First SARS patient anonymous — and likely to stay that way

? He’s a businessman in his 40s. He has four children and lives in the industrial town of Foshan in southern China.

And, except for a small circle of doctors and Chinese officials, that’s all the world knows about the man who is cited as the world’s first known case — and survivor — of severe acute respiratory syndrome.

As the disease spreads around the globe, little has been released about him — and there is no sign that any more ever will be.

A World Health Organization team that visited Guangdong in the last week was tight-lipped, citing medical confidentiality.

“You wouldn’t want your medical records released, would you?” team spokesman Chris Powell asked reporters who wanted to know more.

Chinese officials say the man’s case was detected Nov. 16. A resident of Foshan in Guangdong province, he recovered and was released from a hospital — it wasn’t revealed which one — in January.

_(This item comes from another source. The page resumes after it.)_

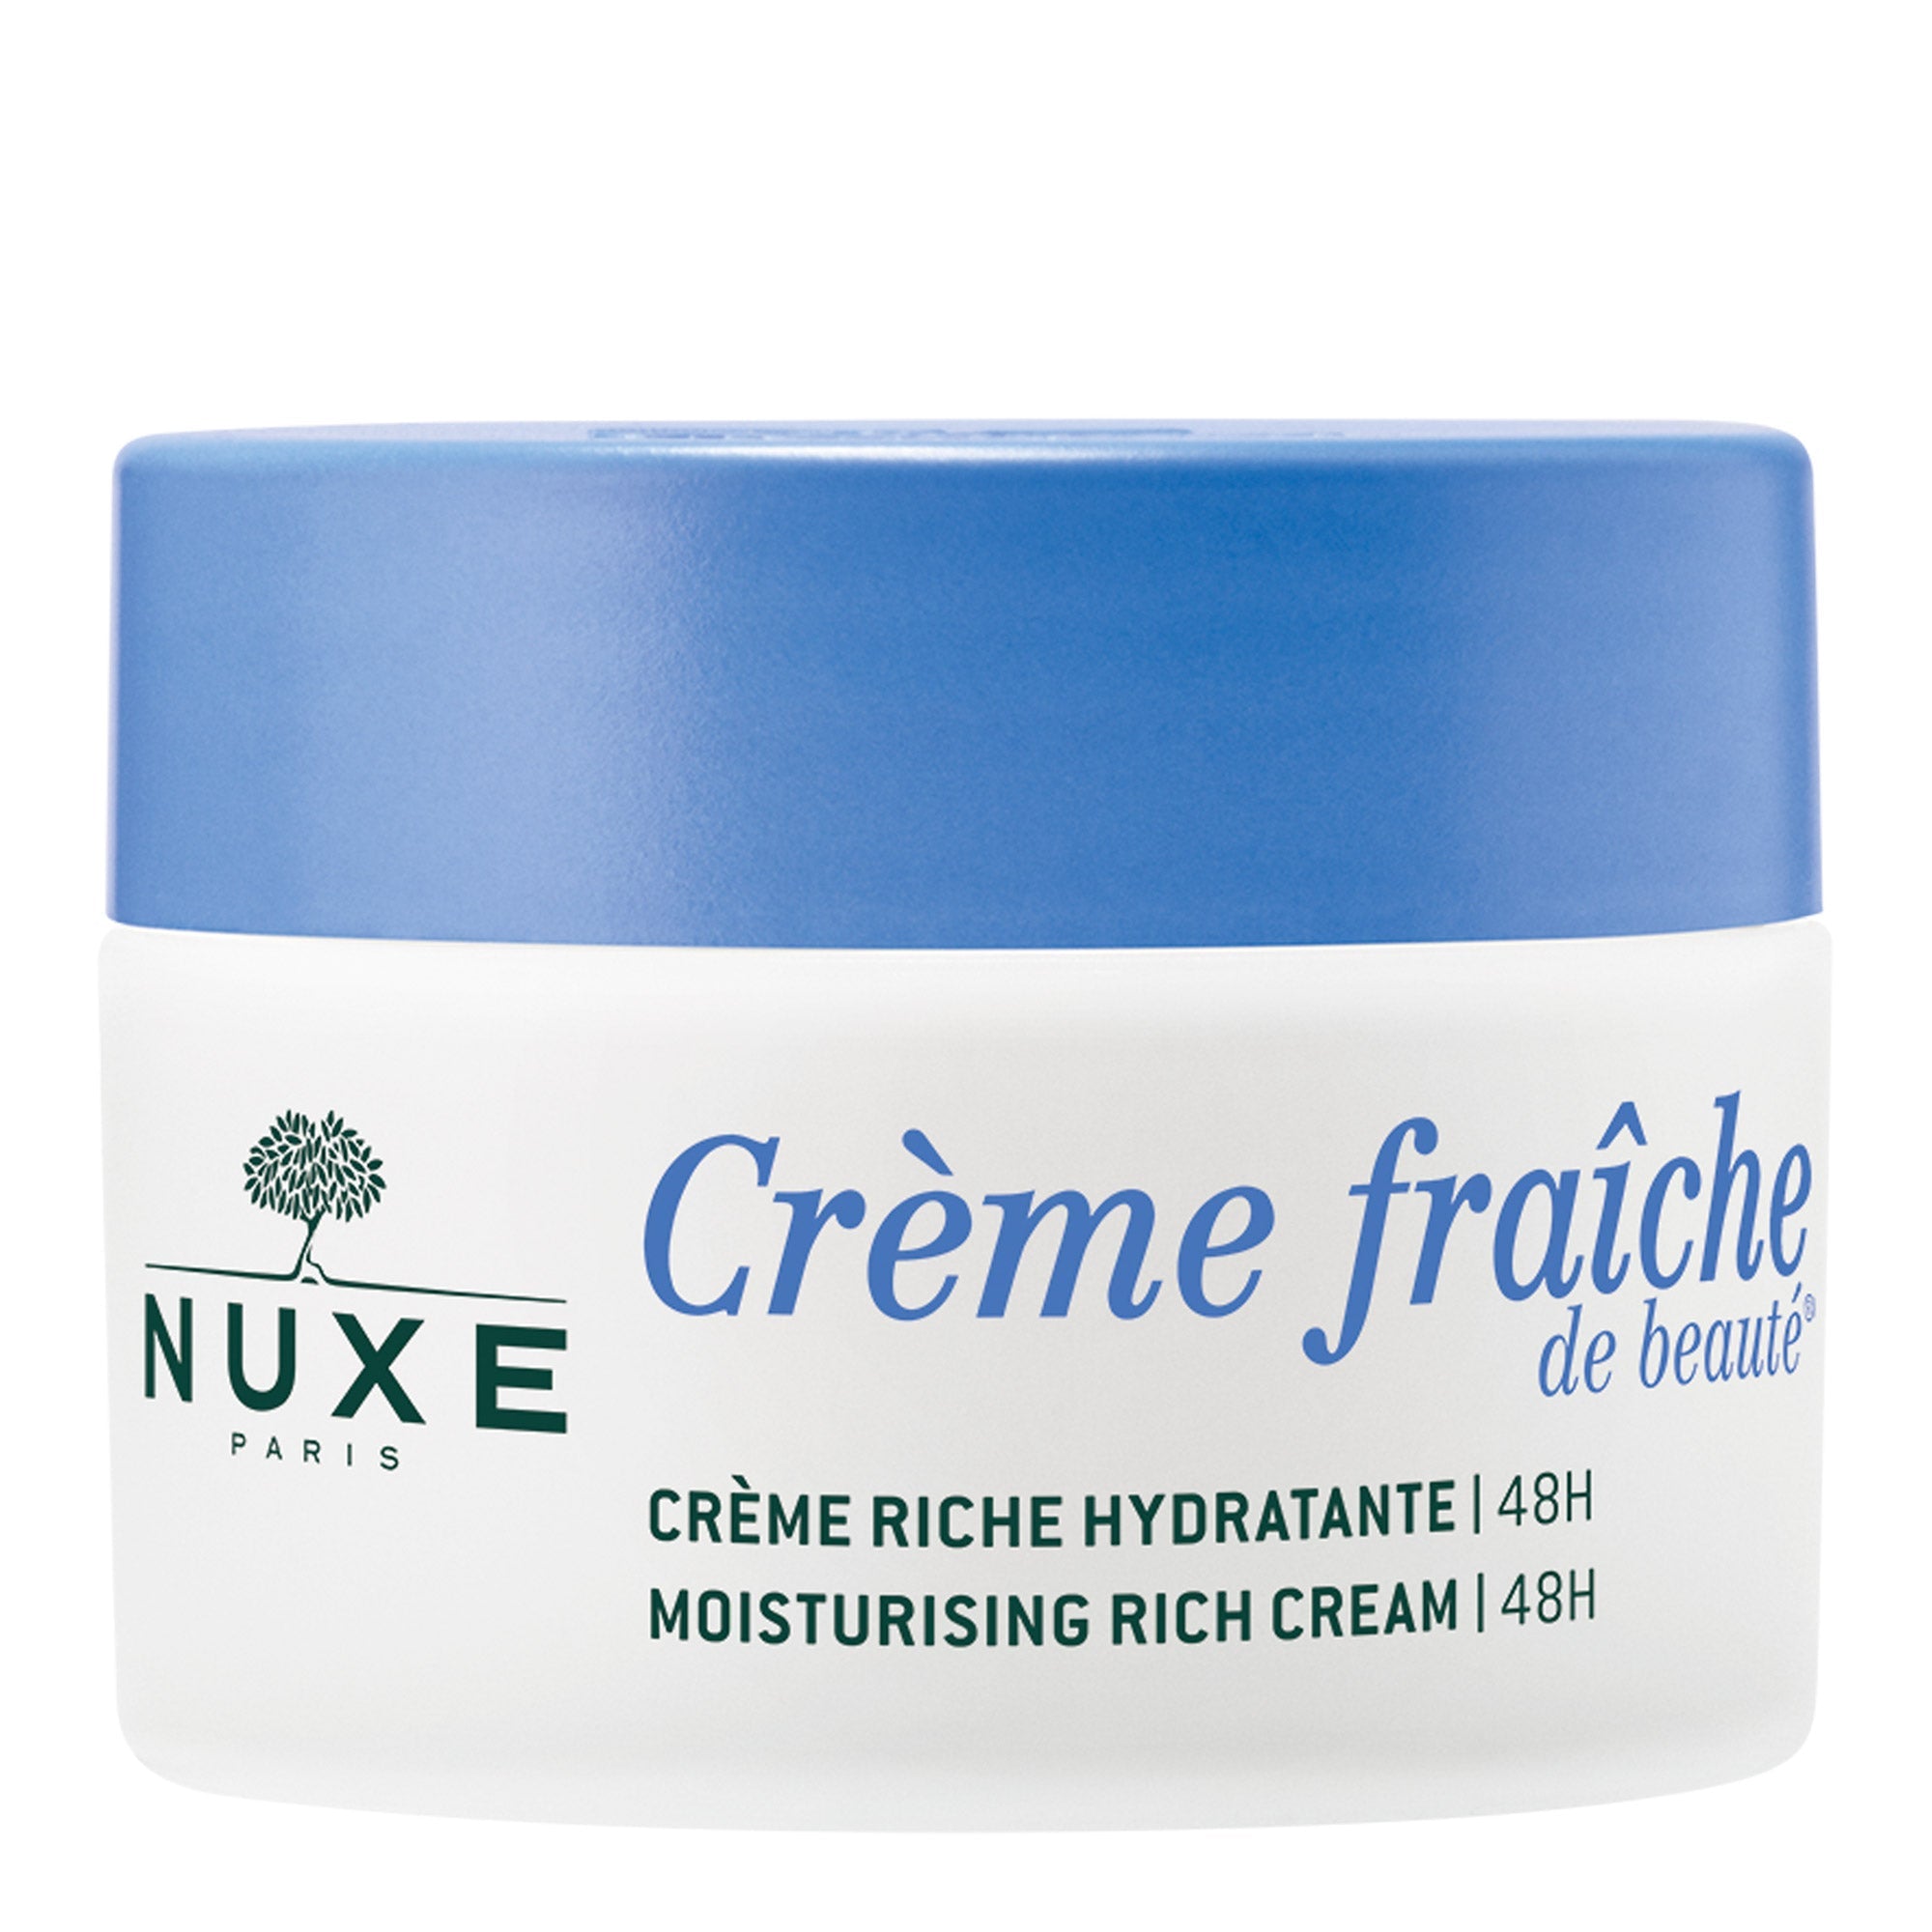 Nuxe Creme Fraiche Moisturising Cream Dry Skin 48HR 50 ml

The deputy director of the Guangzhou No. 8 People’s Hospital, which has probably treated the most SARS cases in the province, insisted he didn’t know anything about the first case.

“The case was in Foshan, not Guangzhou,” Ying Chibiao said. “I’m not clear about the details.”

Adding to the disease’s mystery, researchers say the Foshan man infected the four health workers who treated him but not his own children.

“We don’t know for sure whether he is really the first case, or the first case we know about,” said Dr. Meirion Evans, a member of the WHO team. He said researchers would have to compare other cases with the patient to be certain.

Dr. Robert Breiman, the WHO team leader, said he met with the man, who “appeared to be completely healthy.”

“Apparently, when word got out in the press of my visit to see him, it was clear to everyone in his neighborhood that it was him,” Breiman said. “He told me that this created many problems.”

China said Thursday that Guangdong accounted for 44 of the country’s 55 deaths.